_Exercise prompt_.
In the records below, the line with "Il lusso è tra" opens the range and the line with "Die renaturierte Geltinger" closes it; print that range exactly and nothing else.

_Records provided_.
+ + + + +

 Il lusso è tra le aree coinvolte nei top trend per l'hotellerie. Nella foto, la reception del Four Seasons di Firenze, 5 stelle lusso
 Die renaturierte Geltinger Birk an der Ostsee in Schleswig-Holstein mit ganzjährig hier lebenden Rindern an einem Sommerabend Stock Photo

+ + + + +

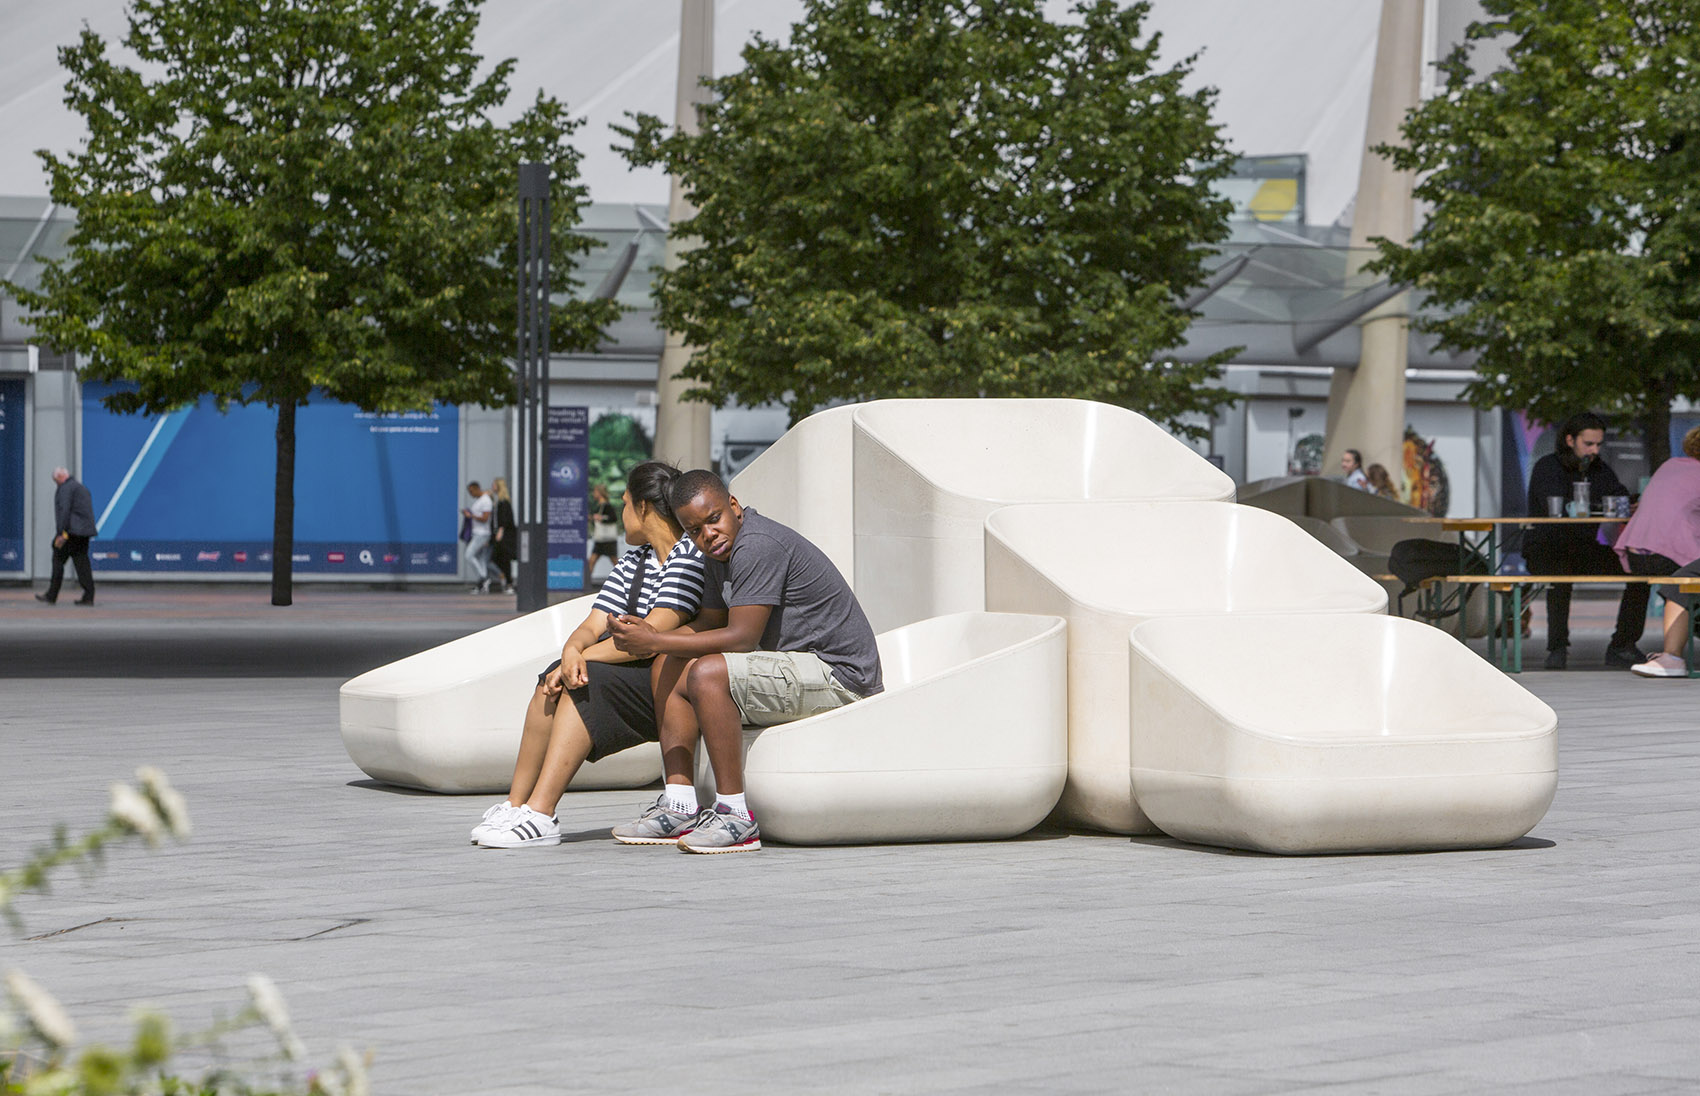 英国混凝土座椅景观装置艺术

+ + + + +

_The completed task_.
 Il lusso è tra le aree coinvolte nei top trend per l'hotellerie. Nella foto, la reception del Four Seasons di Firenze, 5 stelle lusso
 Die renaturierte Geltinger Birk an der Ostsee in Schleswig-Holstein mit ganzjährig hier lebenden Rindern an einem Sommerabend Stock Photo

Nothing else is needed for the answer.